Texas Instruments (TXN) dropped a bomb last week when it lowered guidance. But to anyone who's been paying attention to the state of the wireless sector, the news shouldn't have come as a shock. There was a huge inventory buildup occurring in Asia, and then SARS (Severe Acute Respiratory Syndrome) hit. The bullish interpretation is that now that SARS is behind us (an interpretation that I do not share), there will be a rebound. But I think the inventory buildup predated SARS, and it will continue to be a problem. Texas Instruments cut its earnings forecast from 8 cents, plus or minus a few cents, to 6 cents, plus or minus a few cents. Now if that doesn't show how silly the whole process is -- as if 8 cents a quarter could support a $20 stock price, which is where Texas Instruments shares closed the day before the company's news.
The other point I find interesting is that up until its announcement, Texas Instruments had been so eager to reiterate its prior positive guidance multiple times. This is a pattern seen with lots of tech companies. Why any of these companies still have any credibility, I don't understand. Of course, I don't understand why Wall Street itself has much credibility, or Greenspan has any credibility, but they all still do (for now).

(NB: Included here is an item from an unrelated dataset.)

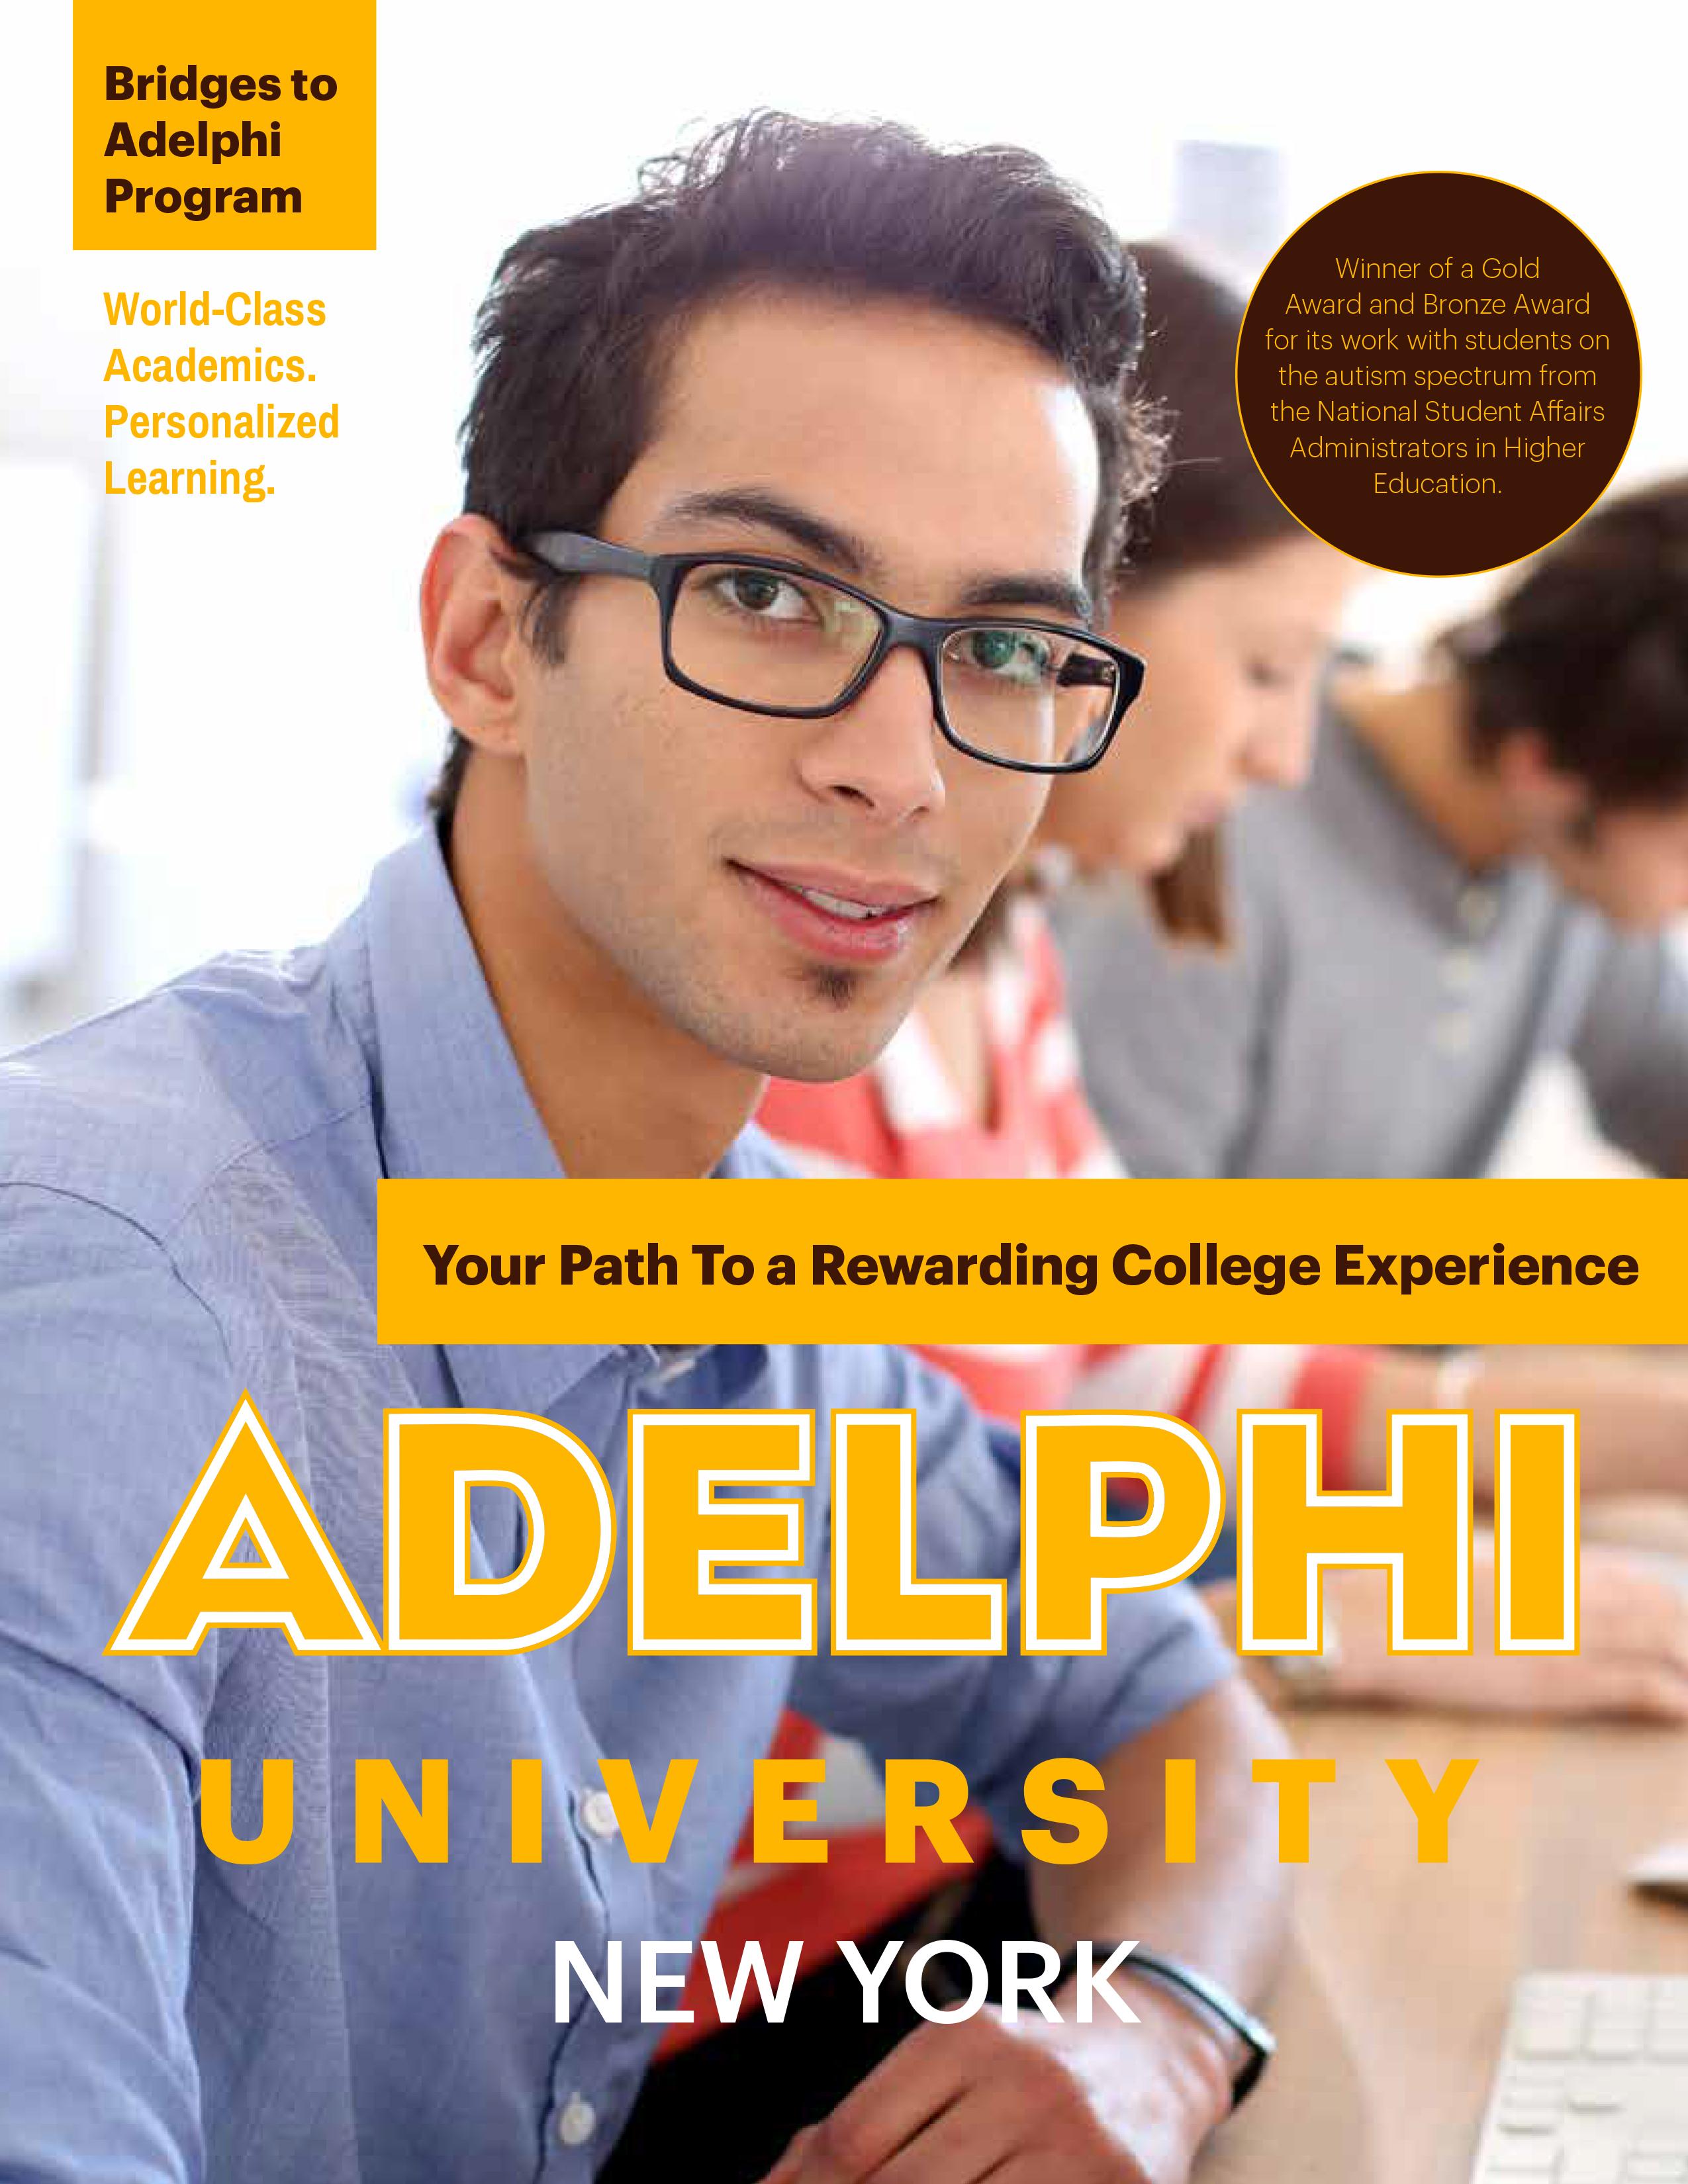 Adelphi Bridges Program

A lot of bombast and not much substance
Staying in chip land, last week there was a rather humorous development by way of Micron Technology (MU), the flying pig. But before going into the particulars, I would just like to explain why Micron has earned its "wings." During the mania, folks were all too eager to believe whatever stories were spun by the company's investor relations spokesperson, Kipp Bedard. My comment back then was that if Micron could actually do what it snookered folks into believing, then pigs could indeed fly.

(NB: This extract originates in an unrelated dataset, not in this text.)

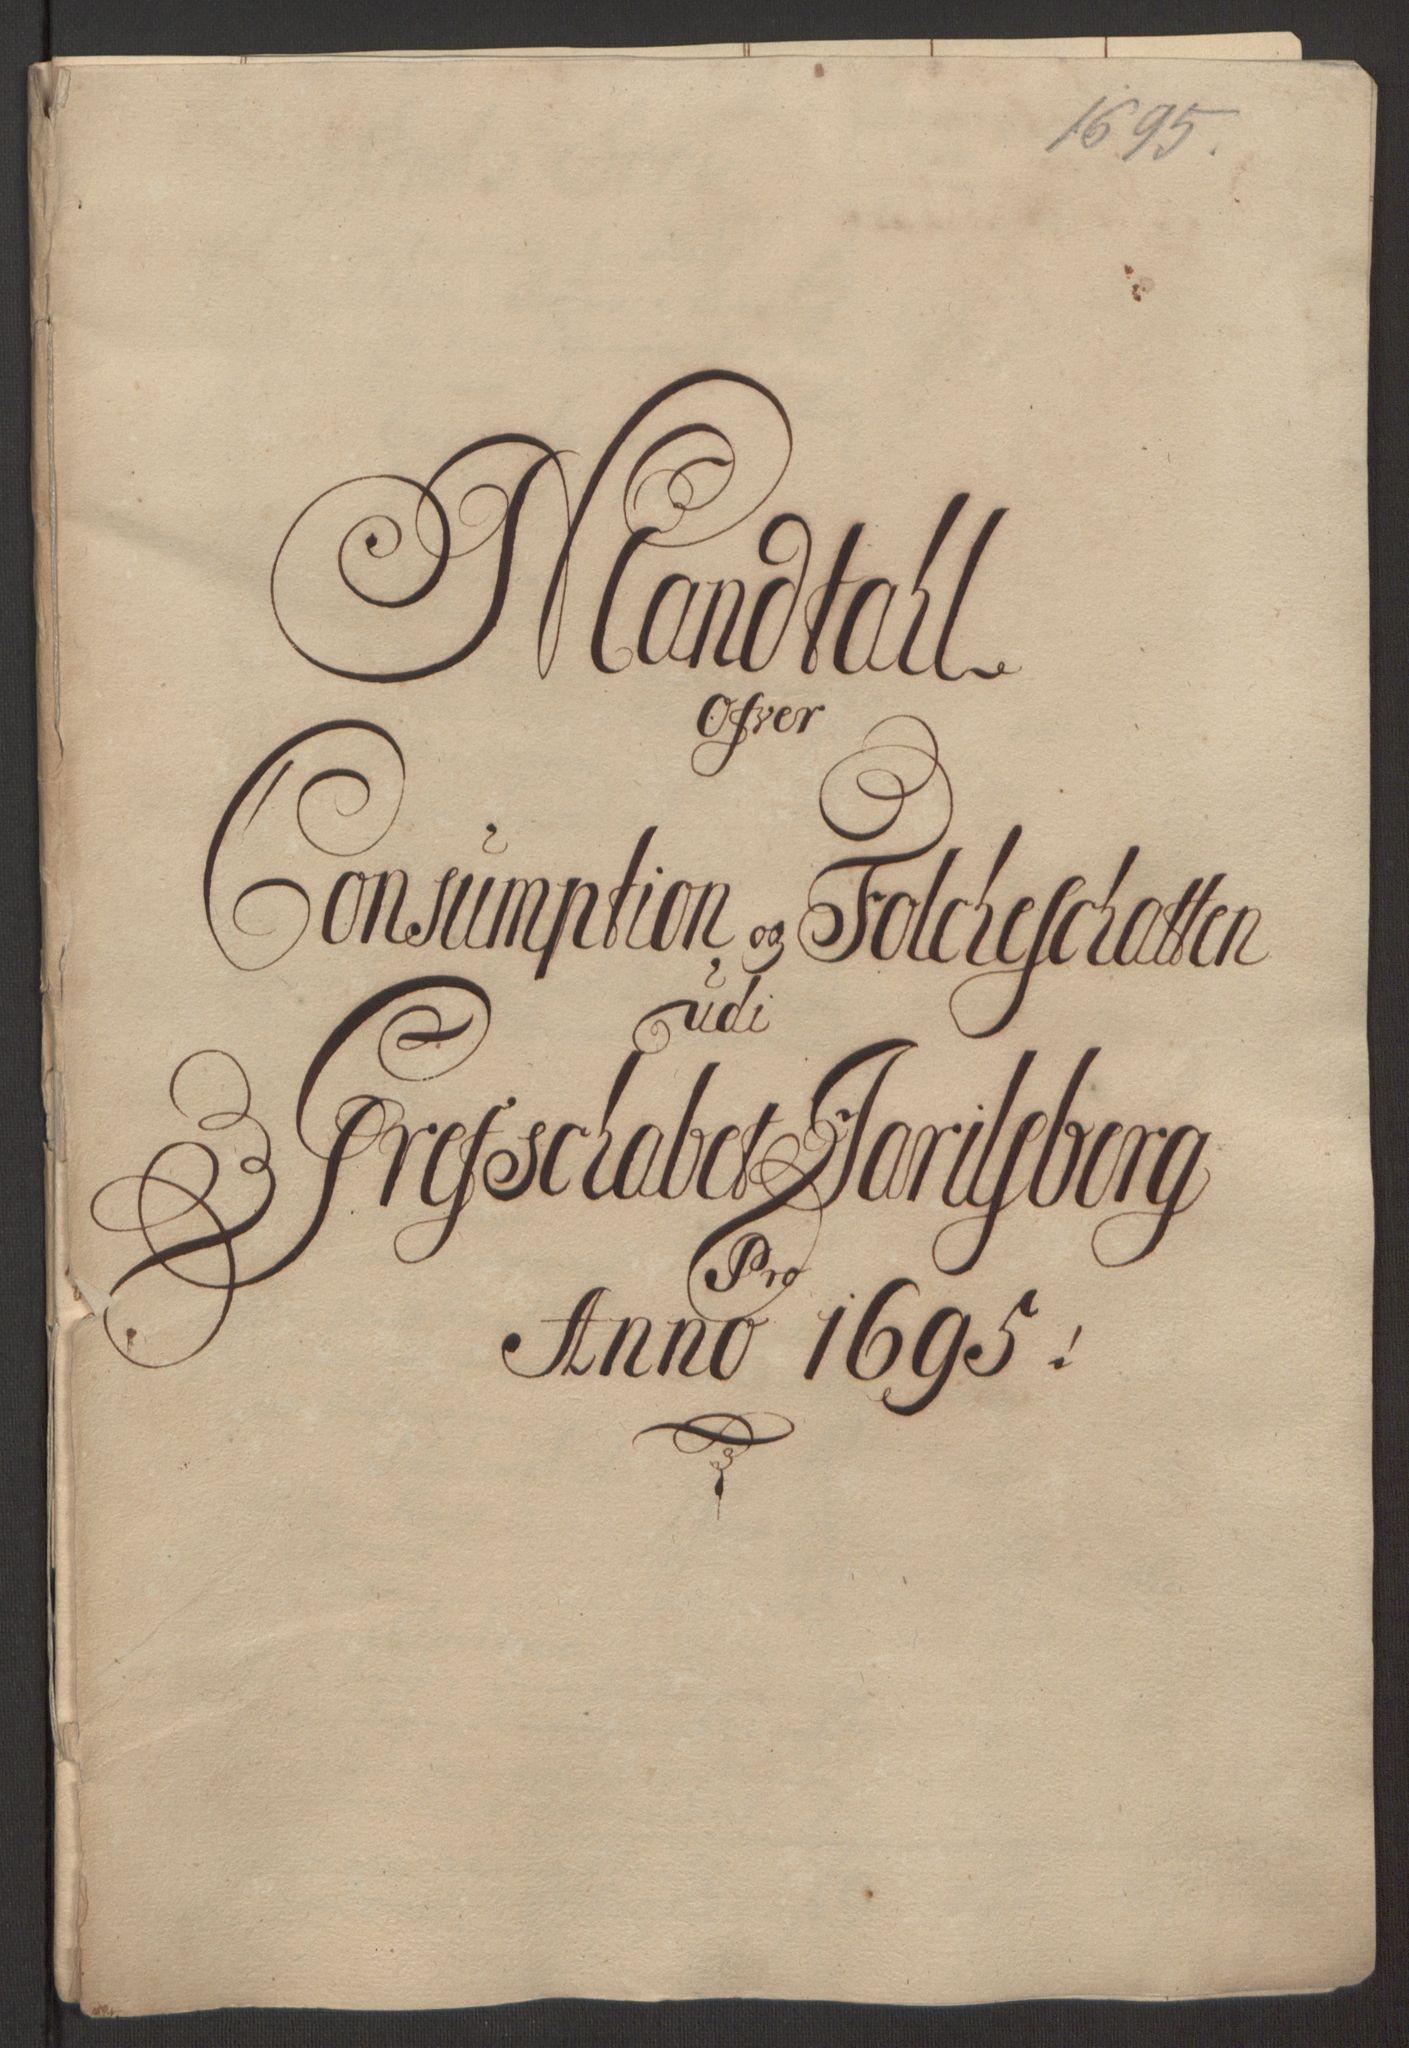 RA, Rentekammeret inntil 1814, Reviderte regnskaper, Fogderegnskap, R32/L1867: Fogderegnskap Jarlsberg grevskap, 1694-1696, s. 144

But back to the present. For those of you who don't know, Micron has lost money in 18 of the last 23 quarters. That's how good the company is at anticipating changes in business conditions. Micron, best known for memory chips, is perennially bullish about its own abilities and about PC demand, and it is perennially wrong. Nevertheless, at a technology conference last week, the aforementioned Bedard said something to the effect that demand for personal computers may be tracking better than the company had previously thought. According to a Dow Jones story, the company expects PC shipments to be down in mid-single digits, rather than high-single digits, from a year ago.
Is he paying attention?
In fact, if Bedard had paid any attention to what Circuit City (CC), Ingram Micro (IM), CDW Computer Centers (CDWC), Tech Data (TECD), or Dell Computer (DELL) (you know, the people who actually sell PCs) had said, he would know that this is pure nonsense. But of course, that didn't stop him from passing along his views, nor did it stop idiots from believing him. Here is a company that can't figure out its own business well enough to make any money. Now it's presuming to forecast an end market that's growing to a degree of precision -- i.e., a couple of percentage points -- that folks in the end market can't even seem to get right.
The net of it is that now Micron is going to make more parts this quarter. What's particularly hilarious about that is, lately, when they've made more parts, they've wound up losing more money. Last quarter is kind of insightful. Micron had revenues of about $785 million, and its cost of goods sold, just for reference, was about $1 billion. Micron lost about $600 million on that $1 billion before interest costs. So, that should give you some idea of what kind of a basket case this company is.
As I was gathering these facts last Wednesday, none other than Kevin Rollins, the COO of Dell, reiterated the point that I am making when he said his company sees no pickup in demand for technology. I bring all this up to underscore just how speculative the environment is, and to show just how little thought goes into the way supposed professionals manage other people's money.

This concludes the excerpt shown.